The whole listing below, with no pictures, is to be repeated as it stands.

-- THE DATA --
====================
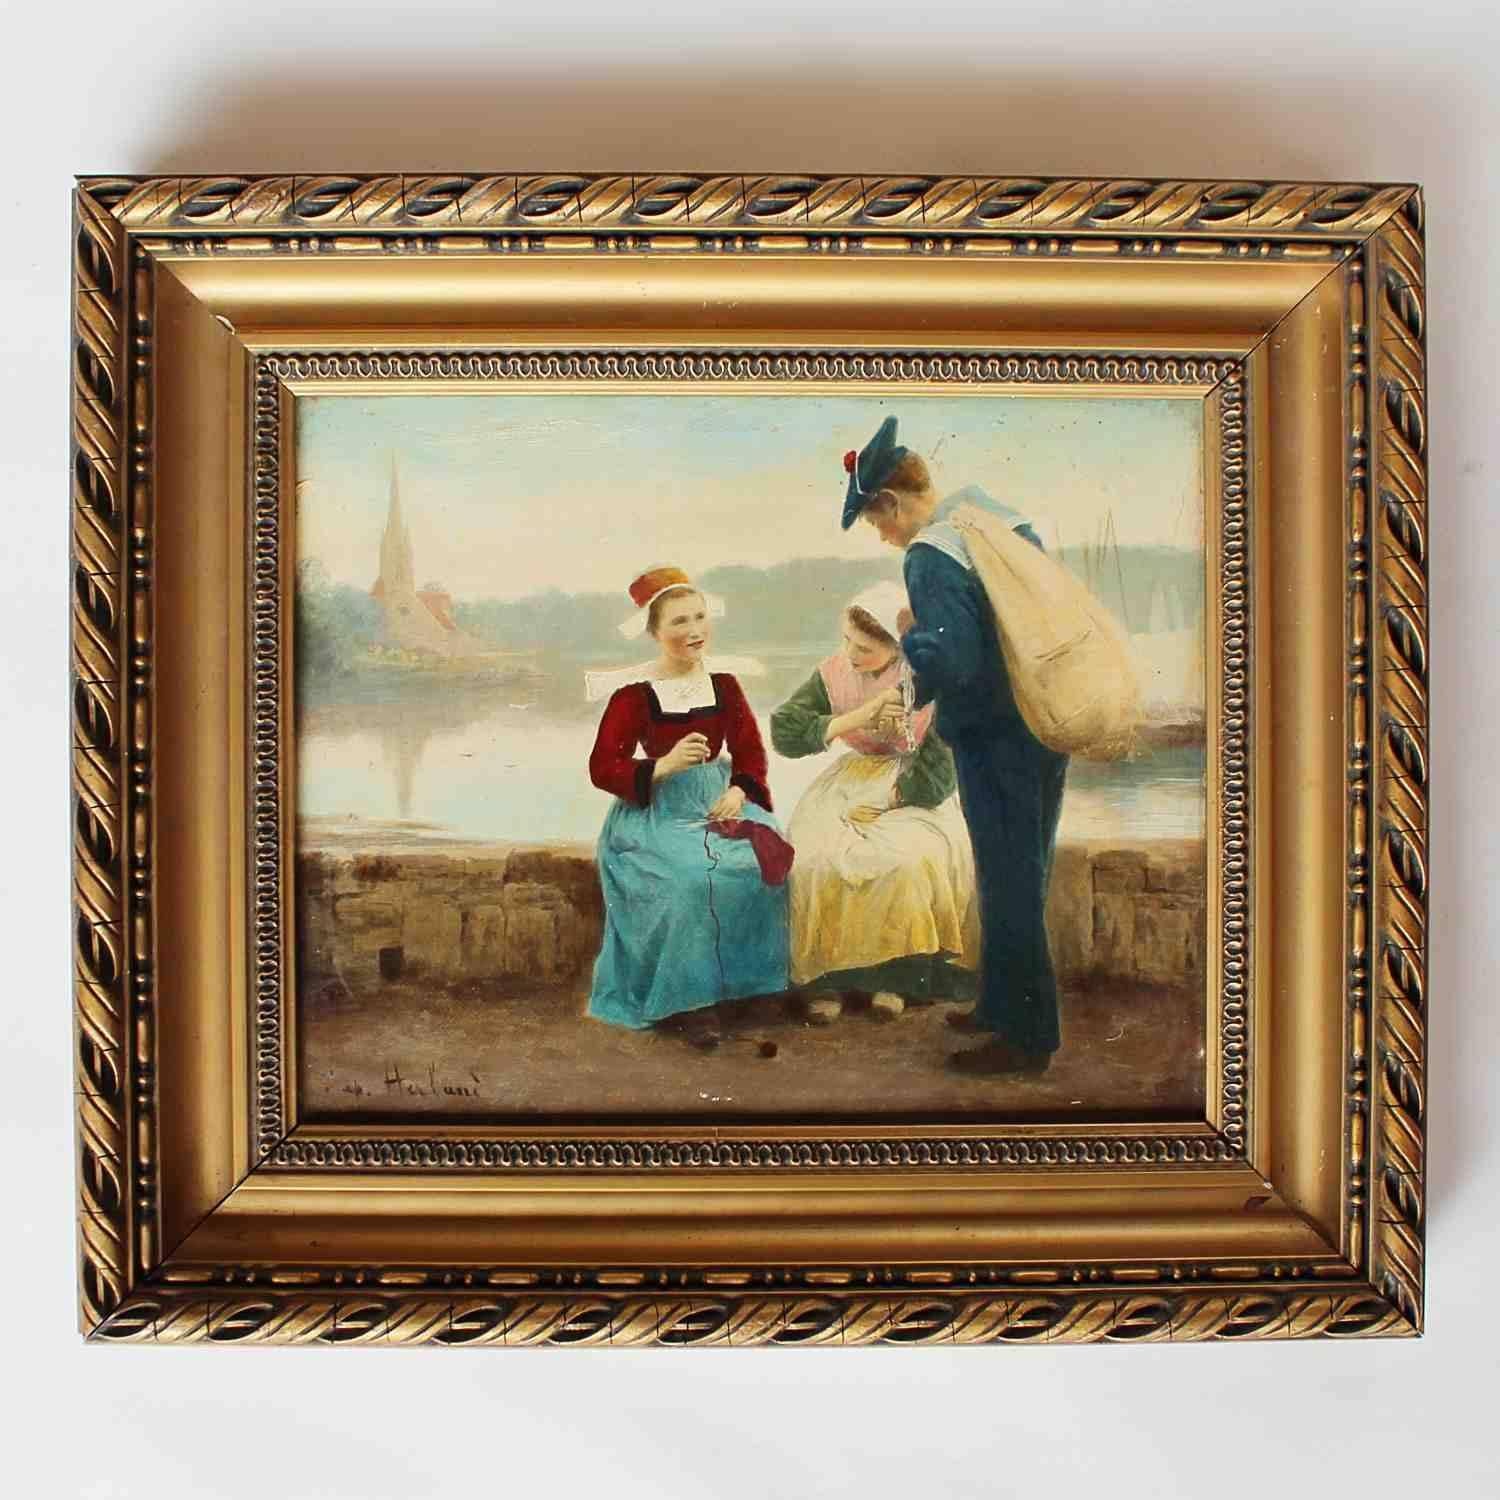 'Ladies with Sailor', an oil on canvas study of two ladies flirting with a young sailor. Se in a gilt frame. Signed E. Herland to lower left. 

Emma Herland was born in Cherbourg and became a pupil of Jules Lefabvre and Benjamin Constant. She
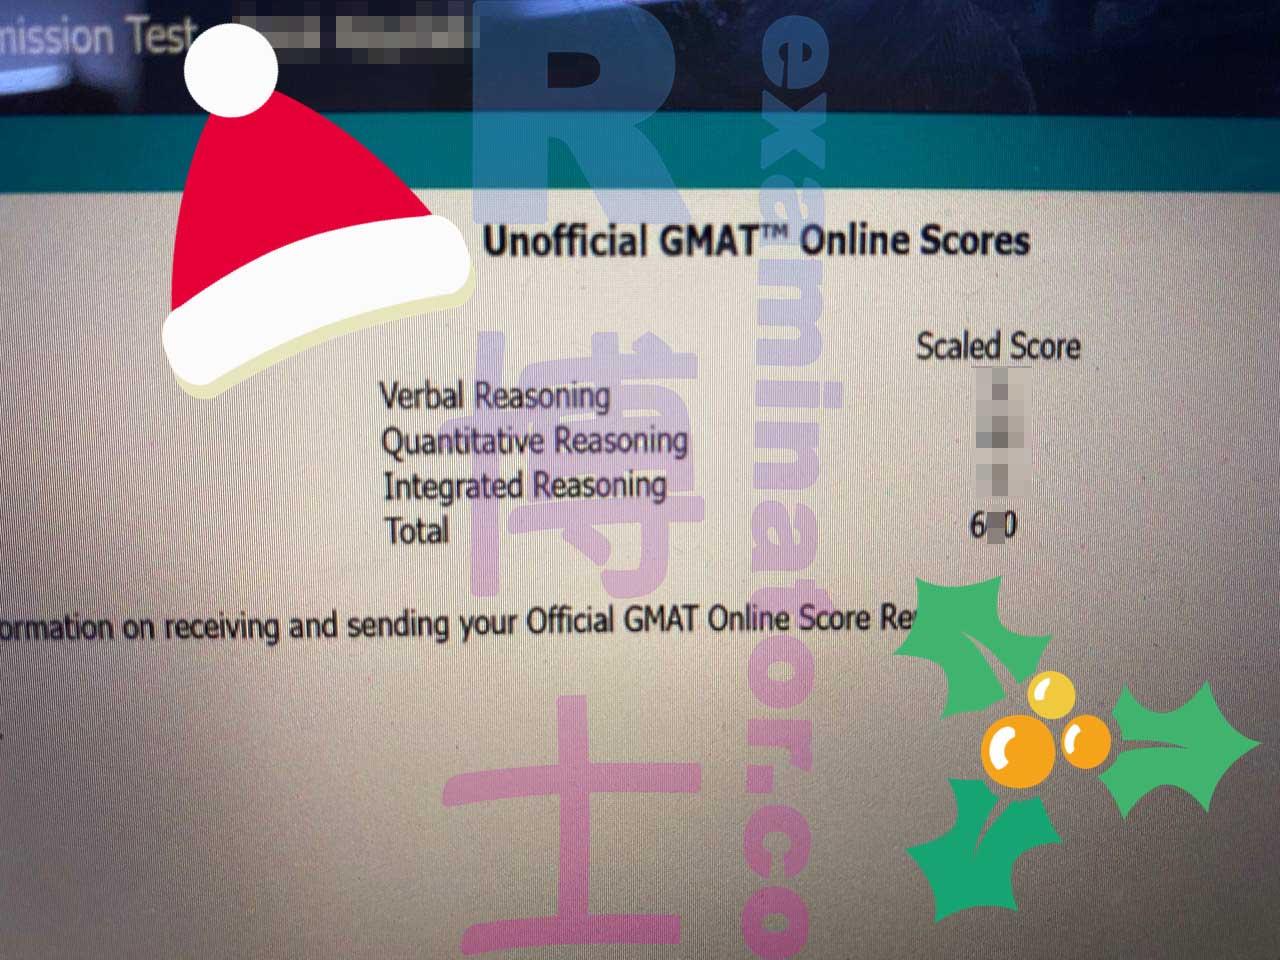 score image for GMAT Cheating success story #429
====================
-- TASK SOLUTION --
 'Ladies with Sailor', an oil on canvas study of two ladies flirting with a young sailor. Se in a gilt frame. Signed E. Herland to lower left. 

Emma Herland was born in Cherbourg and became a pupil of Jules Lefabvre and Benjamin Constant. She
 score image for GMAT Cheating success story #429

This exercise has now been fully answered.